──────── Given records ────────
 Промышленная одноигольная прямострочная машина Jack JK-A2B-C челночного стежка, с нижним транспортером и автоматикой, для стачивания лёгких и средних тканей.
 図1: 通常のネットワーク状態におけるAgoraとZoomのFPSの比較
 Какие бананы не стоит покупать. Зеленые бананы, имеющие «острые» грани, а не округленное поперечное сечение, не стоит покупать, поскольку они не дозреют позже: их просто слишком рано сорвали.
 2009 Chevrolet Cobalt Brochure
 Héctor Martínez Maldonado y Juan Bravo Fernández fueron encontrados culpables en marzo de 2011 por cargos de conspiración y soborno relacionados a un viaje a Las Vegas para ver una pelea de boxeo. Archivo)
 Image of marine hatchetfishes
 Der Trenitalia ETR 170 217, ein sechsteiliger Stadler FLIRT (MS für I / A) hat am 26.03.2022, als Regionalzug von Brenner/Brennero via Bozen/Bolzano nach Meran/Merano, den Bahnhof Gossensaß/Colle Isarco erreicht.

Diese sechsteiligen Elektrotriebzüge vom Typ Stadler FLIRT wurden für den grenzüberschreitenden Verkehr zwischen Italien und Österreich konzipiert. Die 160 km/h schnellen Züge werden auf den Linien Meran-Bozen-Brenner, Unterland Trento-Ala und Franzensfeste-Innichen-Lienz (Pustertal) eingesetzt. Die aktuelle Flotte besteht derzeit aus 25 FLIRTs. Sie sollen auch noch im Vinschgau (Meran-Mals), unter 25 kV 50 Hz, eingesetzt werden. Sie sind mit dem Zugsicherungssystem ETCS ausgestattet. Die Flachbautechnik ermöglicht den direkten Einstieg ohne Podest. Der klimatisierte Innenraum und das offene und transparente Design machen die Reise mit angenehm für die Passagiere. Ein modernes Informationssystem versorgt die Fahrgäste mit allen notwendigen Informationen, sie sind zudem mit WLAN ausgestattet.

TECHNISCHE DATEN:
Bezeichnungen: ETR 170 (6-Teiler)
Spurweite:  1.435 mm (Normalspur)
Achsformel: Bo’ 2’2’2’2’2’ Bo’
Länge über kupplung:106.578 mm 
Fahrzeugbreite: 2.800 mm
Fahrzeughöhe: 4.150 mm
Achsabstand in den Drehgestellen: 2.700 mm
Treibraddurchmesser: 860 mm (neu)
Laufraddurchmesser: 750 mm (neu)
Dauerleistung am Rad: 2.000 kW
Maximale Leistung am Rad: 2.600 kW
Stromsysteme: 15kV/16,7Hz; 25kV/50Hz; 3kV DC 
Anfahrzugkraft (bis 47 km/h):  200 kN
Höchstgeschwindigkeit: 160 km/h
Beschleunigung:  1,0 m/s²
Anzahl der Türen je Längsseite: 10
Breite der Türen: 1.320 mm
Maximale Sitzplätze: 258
────────
▶ [Description of the task]:
Output all of the data again, exactly.

▶ [Answer area]:
 Промышленная одноигольная прямострочная машина Jack JK-A2B-C челночного стежка, с нижним транспортером и автоматикой, для стачивания лёгких и средних тканей.
 図1: 通常のネットワーク状態におけるAgoraとZoomのFPSの比較
 Какие бананы не стоит покупать. Зеленые бананы, имеющие «острые» грани, а не округленное поперечное сечение, не стоит покупать, поскольку они не дозреют позже: их просто слишком рано сорвали.
 2009 Chevrolet Cobalt Brochure
 Héctor Martínez Maldonado y Juan Bravo Fernández fueron encontrados culpables en marzo de 2011 por cargos de conspiración y soborno relacionados a un viaje a Las Vegas para ver una pelea de boxeo. Archivo)
 Image of marine hatchetfishes
 Der Trenitalia ETR 170 217, ein sechsteiliger Stadler FLIRT (MS für I / A) hat am 26.03.2022, als Regionalzug von Brenner/Brennero via Bozen/Bolzano nach Meran/Merano, den Bahnhof Gossensaß/Colle Isarco erreicht.

Diese sechsteiligen Elektrotriebzüge vom Typ Stadler FLIRT wurden für den grenzüberschreitenden Verkehr zwischen Italien und Österreich konzipiert. Die 160 km/h schnellen Züge werden auf den Linien Meran-Bozen-Brenner, Unterland Trento-Ala und Franzensfeste-Innichen-Lienz (Pustertal) eingesetzt. Die aktuelle Flotte besteht derzeit aus 25 FLIRTs. Sie sollen auch noch im Vinschgau (Meran-Mals), unter 25 kV 50 Hz, eingesetzt werden. Sie sind mit dem Zugsicherungssystem ETCS ausgestattet. Die Flachbautechnik ermöglicht den direkten Einstieg ohne Podest. Der klimatisierte Innenraum und das offene und transparente Design machen die Reise mit angenehm für die Passagiere. Ein modernes Informationssystem versorgt die Fahrgäste mit allen notwendigen Informationen, sie sind zudem mit WLAN ausgestattet.

TECHNISCHE DATEN:
Bezeichnungen: ETR 170 (6-Teiler)
Spurweite:  1.435 mm (Normalspur)
Achsformel: Bo’ 2’2’2’2’2’ Bo’
Länge über kupplung:106.578 mm 
Fahrzeugbreite: 2.800 mm
Fahrzeughöhe: 4.150 mm
Achsabstand in den Drehgestellen: 2.700 mm
Treibraddurchmesser: 860 mm (neu)
Laufraddurchmesser: 750 mm (neu)
Dauerleistung am Rad: 2.000 kW
Maximale Leistung am Rad: 2.600 kW
Stromsysteme: 15kV/16,7Hz; 25kV/50Hz; 3kV DC 
Anfahrzugkraft (bis 47 km/h):  200 kN
Höchstgeschwindigkeit: 160 km/h
Beschleunigung:  1,0 m/s²
Anzahl der Türen je Längsseite: 10
Breite der Türen: 1.320 mm
Maximale Sitzplätze: 258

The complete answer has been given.